The crux of the government’s obstruction case was that Mr. Marinello did all these acts and omissions “corruptly,” in order to help him avoid paying taxes. While the Second Circuit affirmed his conviction, two judges issued a blistering dissent, stating that “if this is the law, nobody is safe.”[2] Indeed, recognizing the potential vagueness problems that could arise from such a broad interpretation of the obstruction statute, the Sixth Circuit requires that a person must know about an IRS action or investigation before he can be charged with obstruction of the tax code.[3] In other words, throwing away documents and failing to give information to an accountant could only count as obstruction if the defendant knew the IRS was investigating. Without this limiting principle, otherwise normal activity by taxpayers and small business owners could later be charged by the government as obstruction with just an allegation that the conduct helped the defendant avoid tax liability. 
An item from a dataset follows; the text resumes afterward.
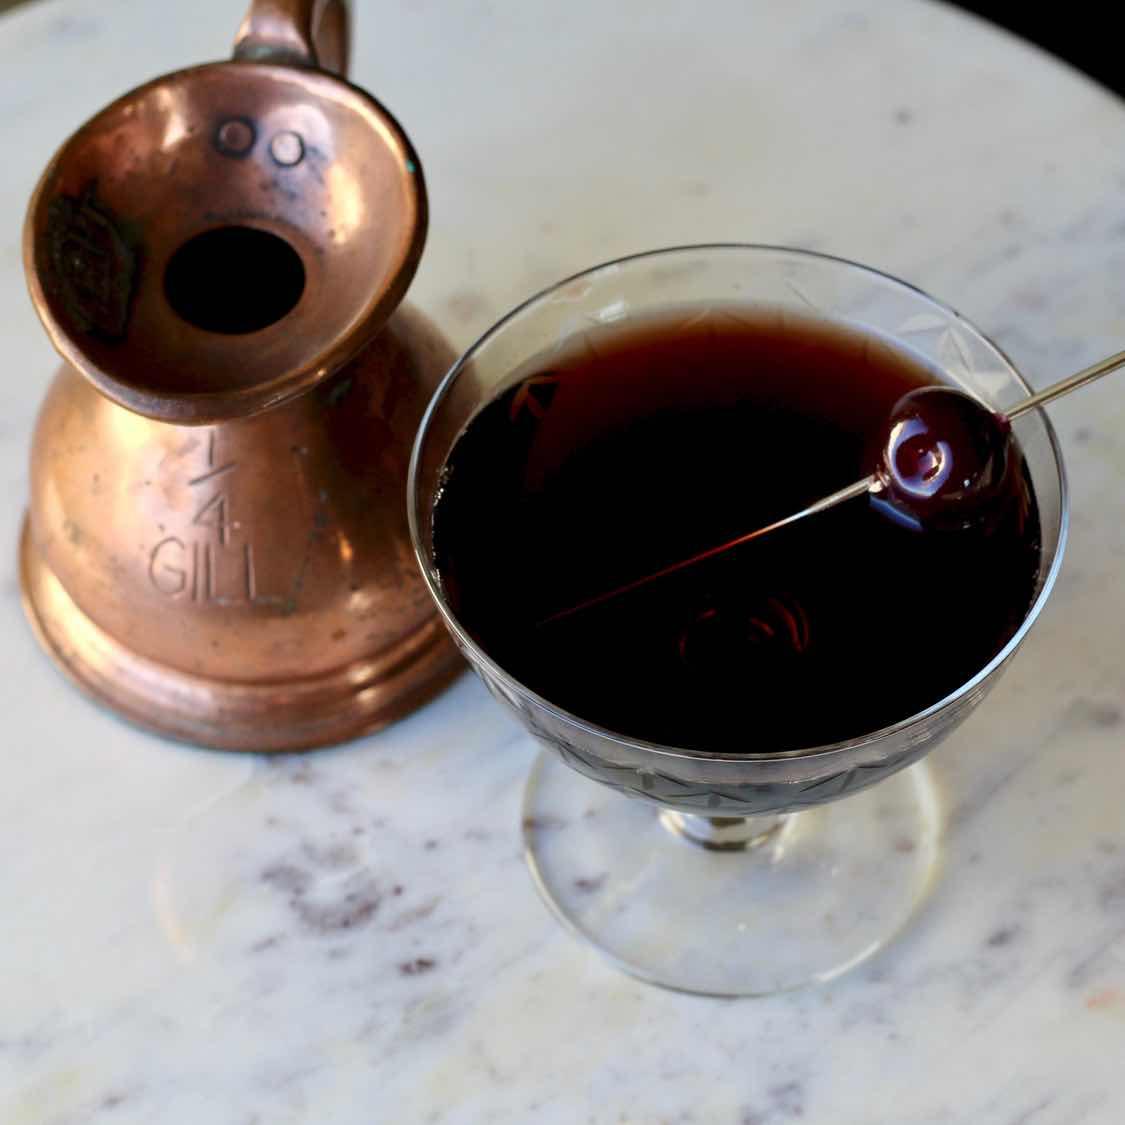 Polichinelle Cocktail - Original 1922 Robert Vermeire Recipe

Mr. Marinello appealed his case to the Supreme Court in March of 2017. The Supreme Court typically agrees to hear only up to about 2-3% of the cases that are presented to it. On the last day of the spring term the Court agreed to hear the case against those long odds.

In a recent string of cases, the Supreme Court has routinely cabined criminal statutes where the outer bounds of statutory interpretation threaten vagueness and fail to provide fair notice to ensure that everyone indicted under a statute knows he was violating the law.[4] These mens rea requirements are essential to our criminal law jurisprudence. As such, the Supreme Court has never left the outer bounds of a statute up to prosecutorial discretion.[5] The government’s current broad interpretation of the tax code’s obstruction statute runs counter to these principles and threatens all taxpayers.

This case has the attention of the legal community, but every taxpayer should be paying attention as well. Would the average American know that not doing something—like not giving their accountant a record showing their recent $200 profit from an eBay sale of their old record collection—was felony obstruction of the IRS’s administration of the tax code? Certainly, the taxpayer might know that this $200 is probably revenue and that he should probably report it to his accountant. And in this scenario, the failure to send this income to his accountant would, at least plausibly, impede the IRS’s ability to levy and collect taxes on that money in the future. But this is the constitutional weakness with the government’s current overly broad interpretation of the obstruction statute—it doesn’t actually require that the taxpayer know, for instance, that not reporting $200 to his accountant would then or later obstruct or impede any IRS agent’s “administration of the tax code” in a manner that could constitute a felony.

Marinello is an important case for those concerned with the Government’s propensity to bring charges against people who likely do not know innocent behavior constituted a crime.

You can read the amicus brief here or learn more about the case in our other blog posts, here and here.

 



[1] United States v. Williams, 644 F.2d 696, 699 n. 12 (8th Cir. 1981) (stating that “[a]t one time the Government contended that § 7212 applied only to conduct involving force or threats of force”) (citing United States v. Henderson, 386 F. Supp. 1048, 1055–56 (S.D.N.Y.1974)).

[2] United States v. Marinello, 855 F.3d 455 (2d Cir. 2015) (Jacobs, J., dissenting).

[3] United States v. Kassouf, 144 F.3d 952 (6th Cir. 1998); United States v. Miner, 774 F.3d 336 (6th Cir. 2014).

[4] Seee.g., McDonnell v. United States, 136 S. Ct. 2355, 2367 (2016); Yates v. United States, 135 S. Ct. 1074 (2015); Arthur Andersen LLP v. United States, 544 U.S. 696 (2005); United States v. Aguilar, 515 U.S. 593 (1995).

[5] United States v. Sun-Diamond Growers, 526 U.S. 398, 408, 412 (1999) (declining to rely on “the Government’s discretion” to protect against overzealous prosecutions).